= Task to carry out =
Omit all pictures and give the records below again exactly as written.

= Entries shown =
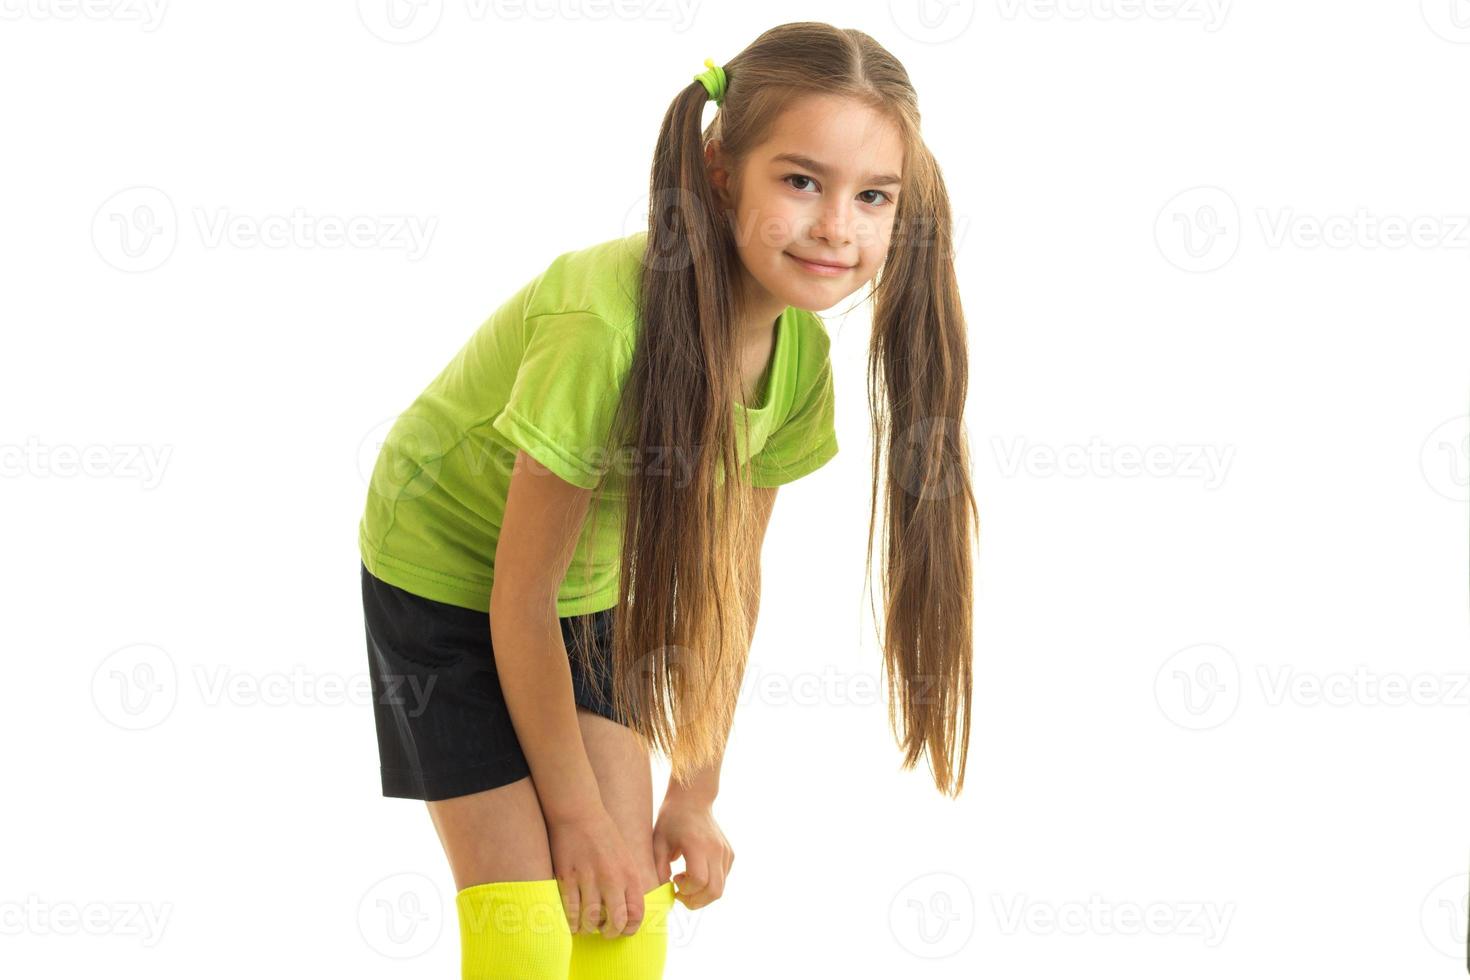 jolie fille en uniforme de football vert posant devant la caméra photo
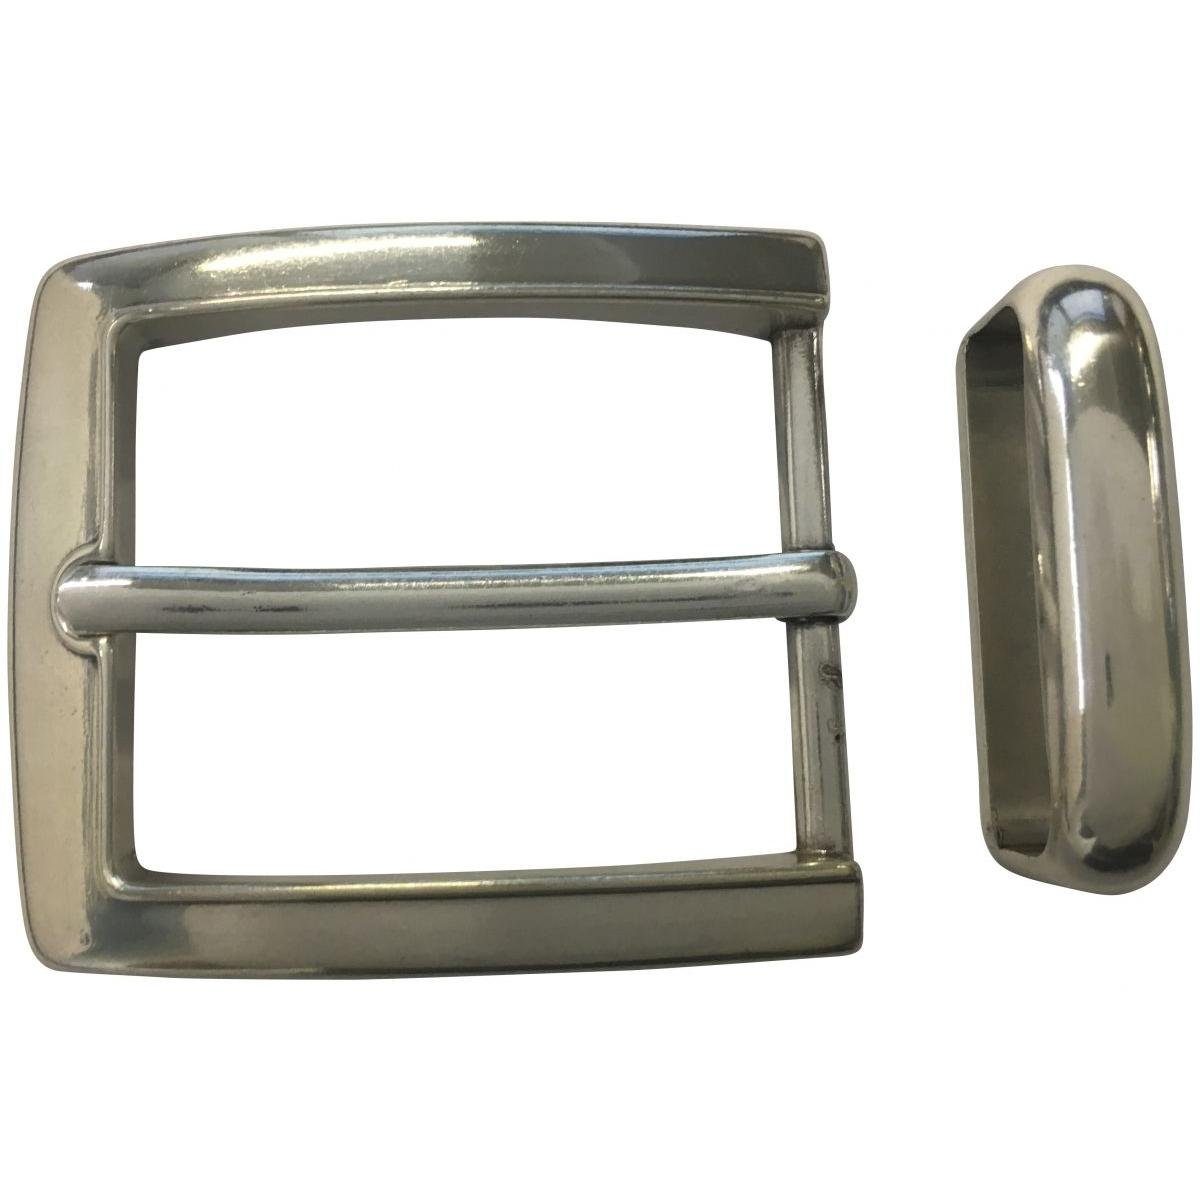 BELTINGER Gürtelschnalle mit Schlaufe 4,0 cm - Buckle Gürtelschließe 40mm - Dorn-Schließe - Gür Silber | Gürtelschnallen
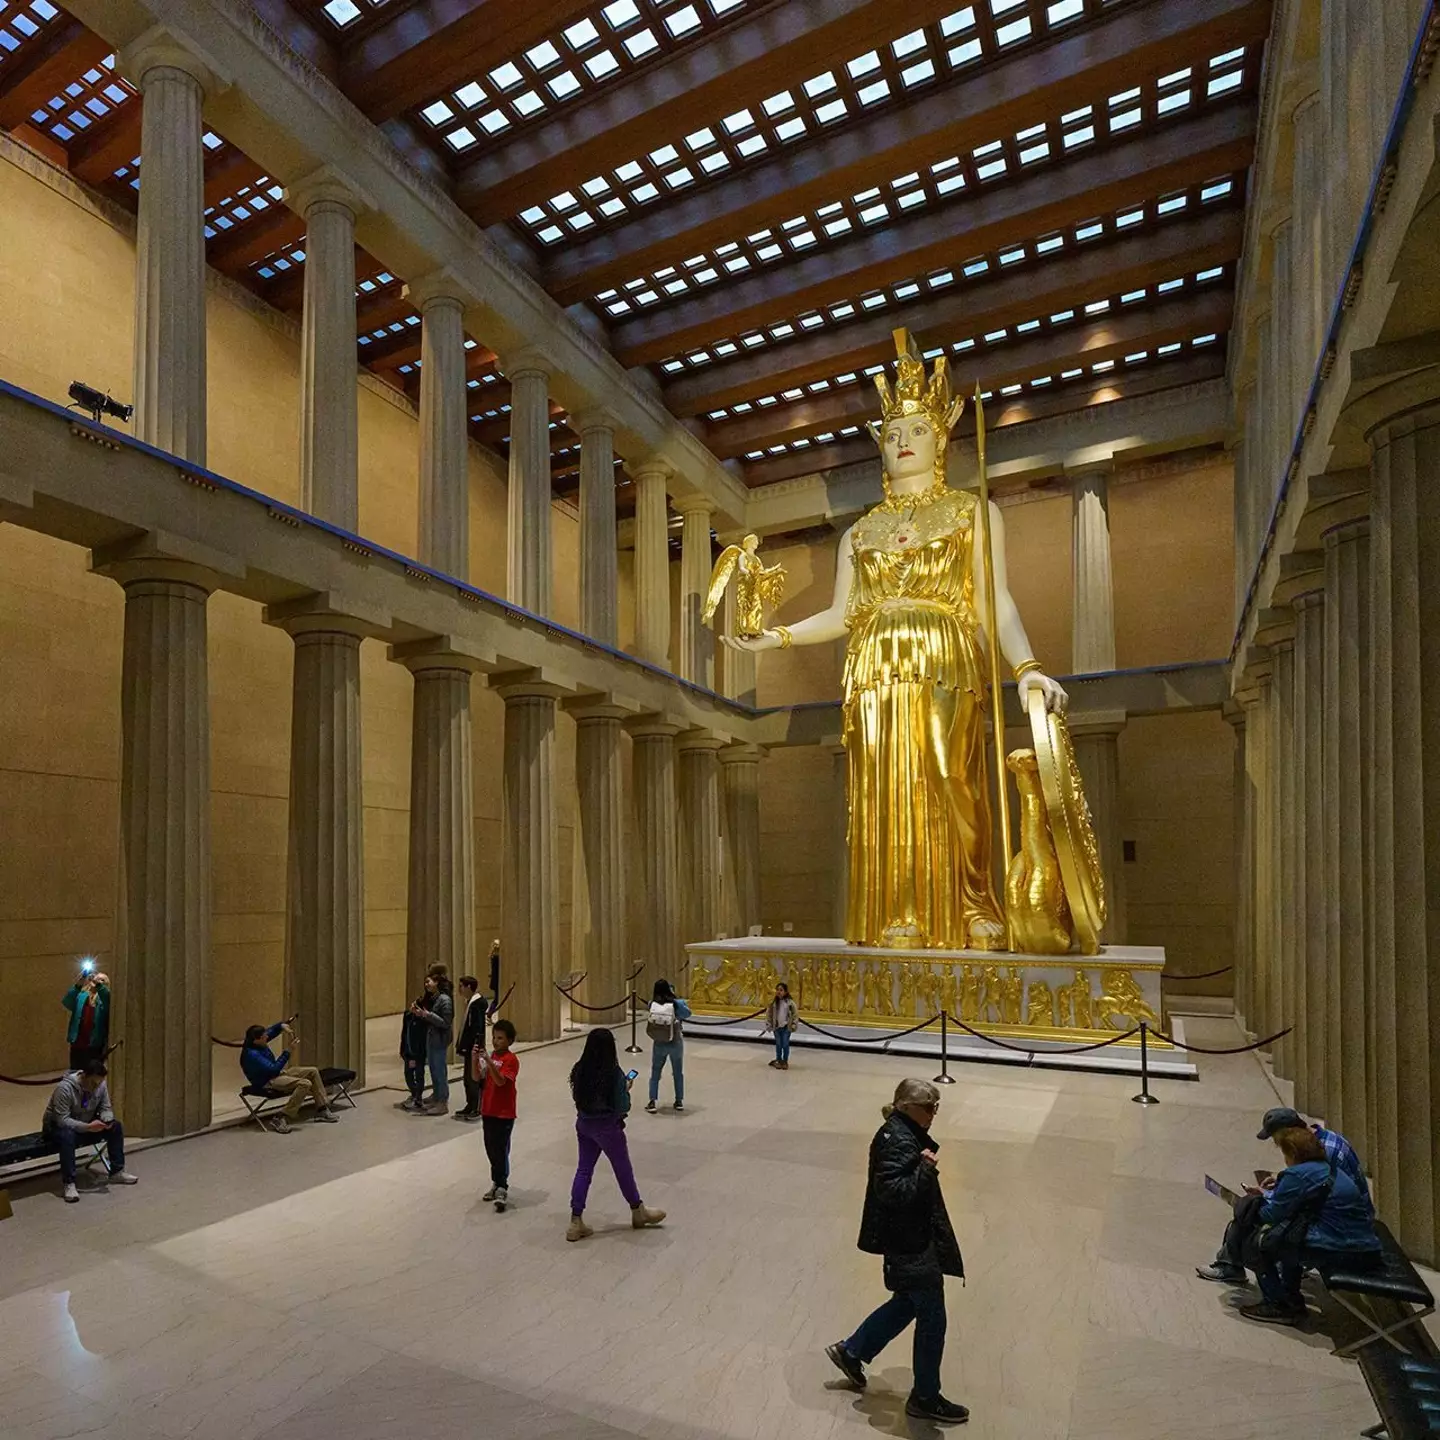 Athena Parthenos statue in the Nashville Parthenon. (nashvilleparthenon/Instagram)
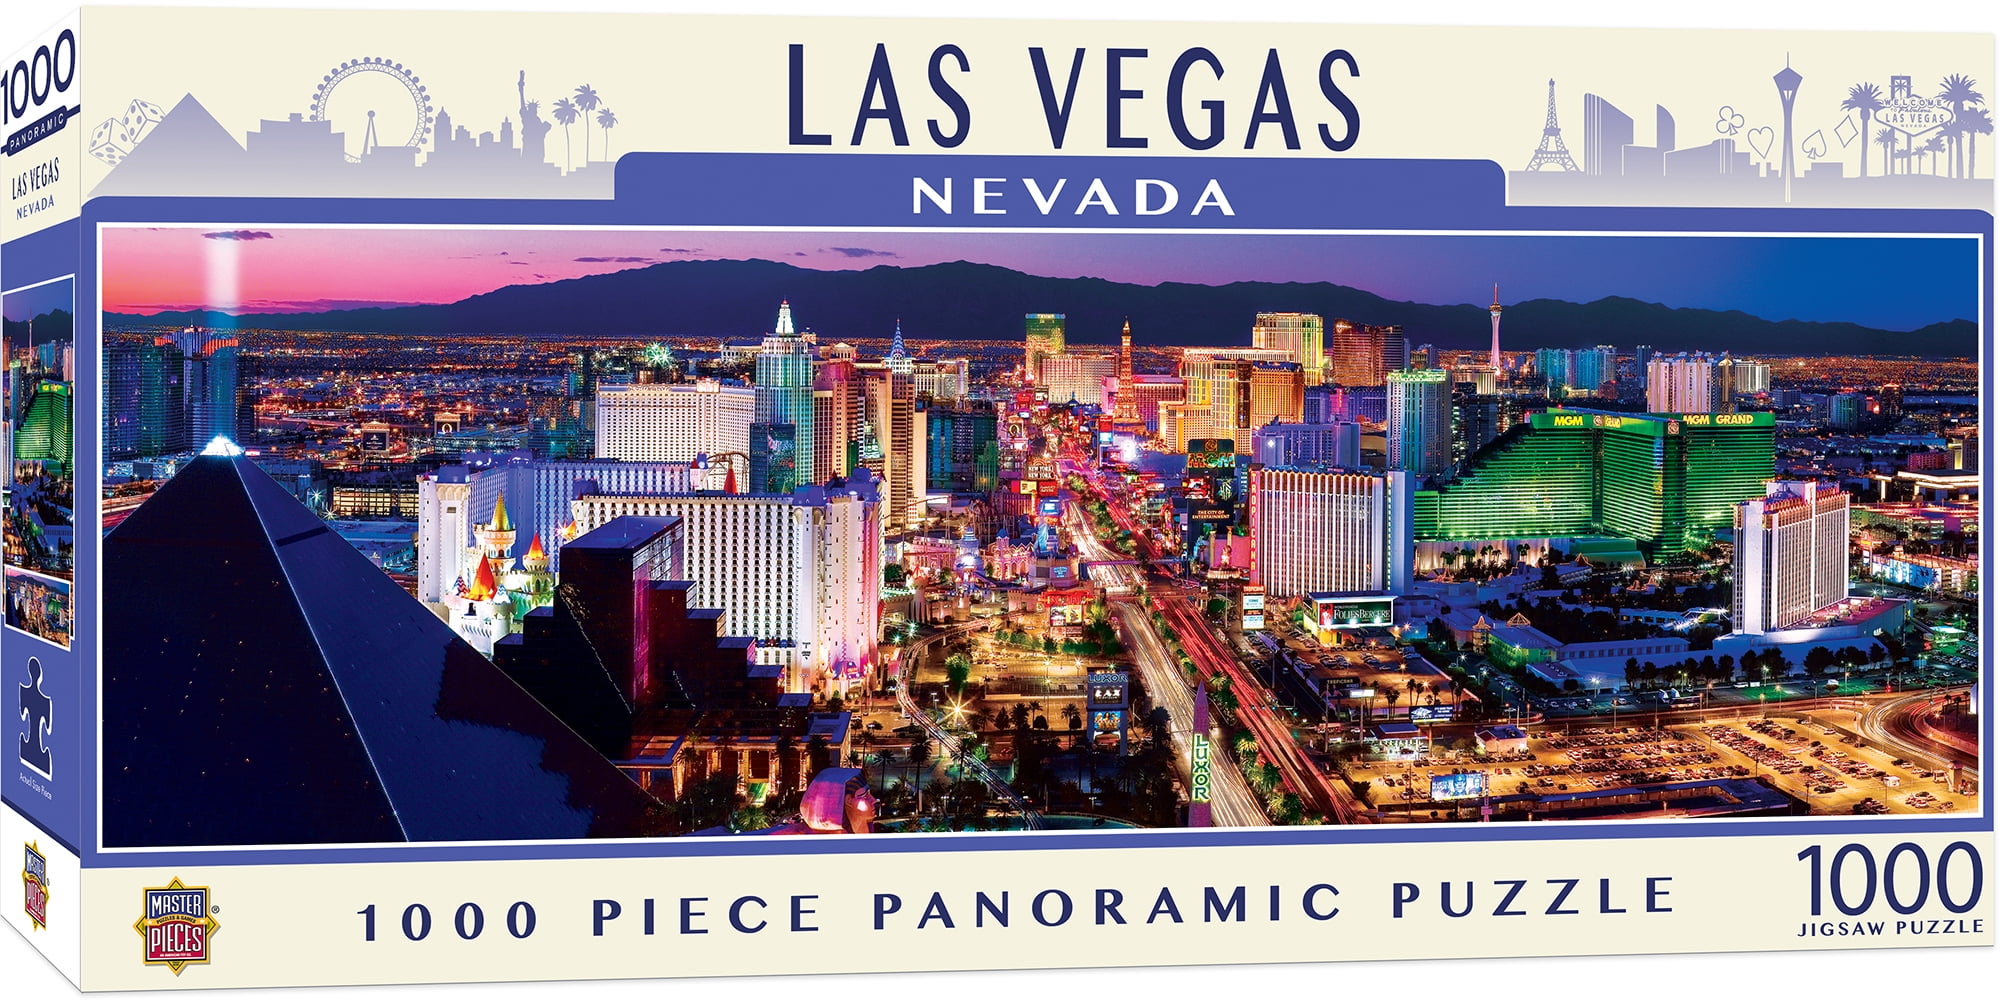 1000 Piece Comic Jigsaw Puzzle Las Vegas The Strip Casinos Nevada America 05201 
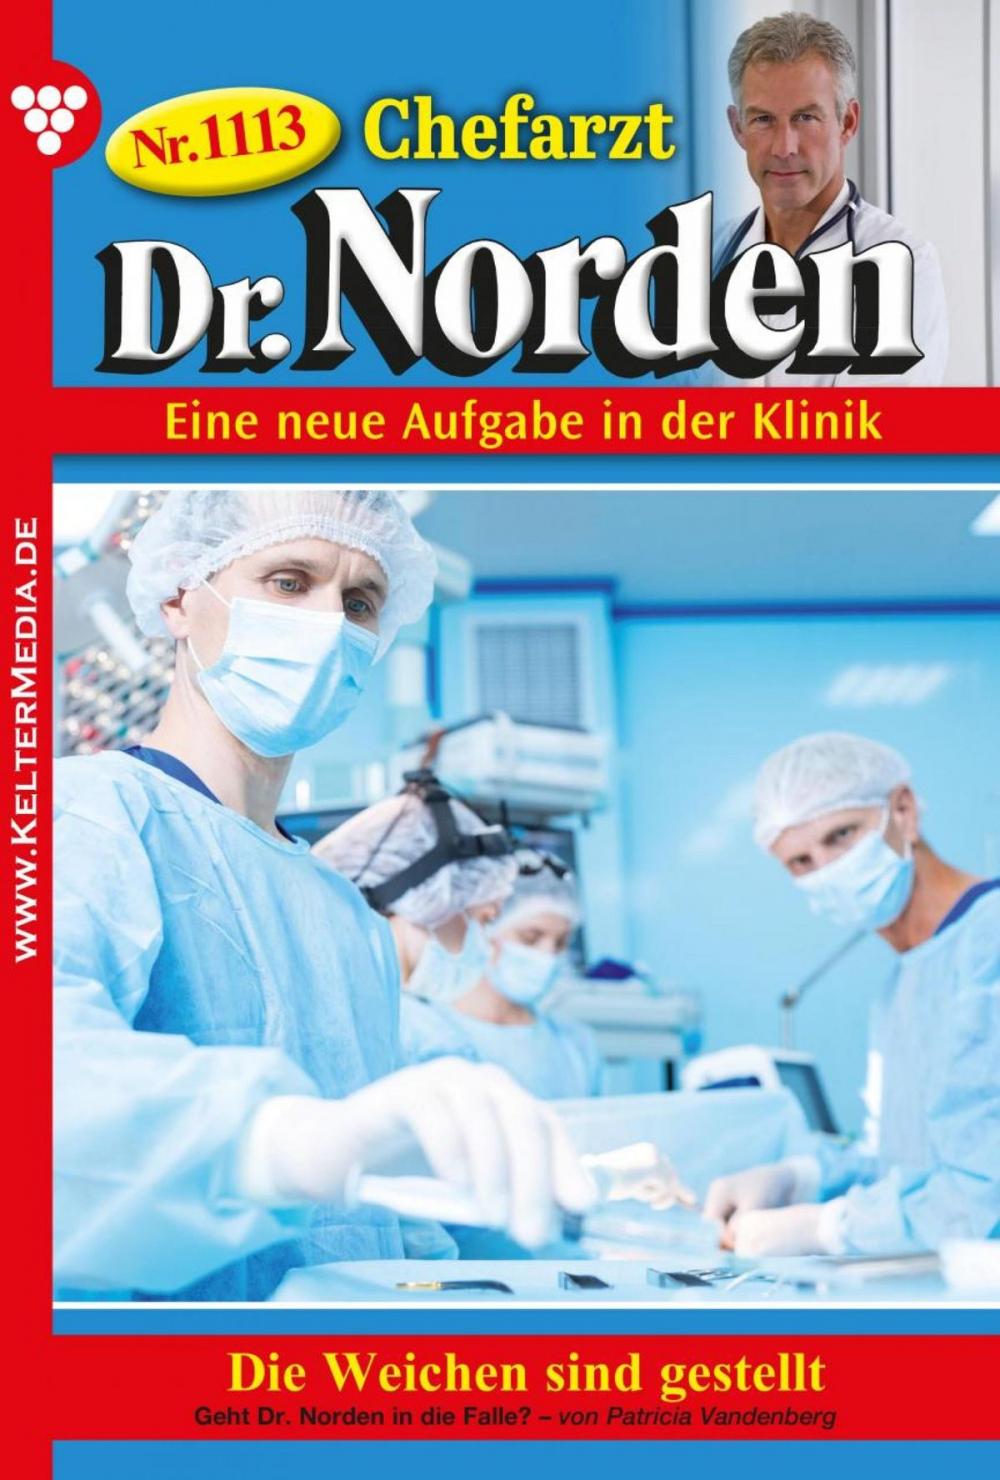 Big bigCover of Chefarzt Dr. Norden 1113 – Arztroman

= Exercise result =
 jolie fille en uniforme de football vert posant devant la caméra photo
 BELTINGER Gürtelschnalle mit Schlaufe 4,0 cm - Buckle Gürtelschließe 40mm - Dorn-Schließe - Gür Silber | Gürtelschnallen
 Athena Parthenos statue in the Nashville Parthenon. (nashvilleparthenon/Instagram)
 1000 Piece Comic Jigsaw Puzzle Las Vegas The Strip Casinos Nevada America 05201 
 Big bigCover of Chefarzt Dr. Norden 1113 – Arztroman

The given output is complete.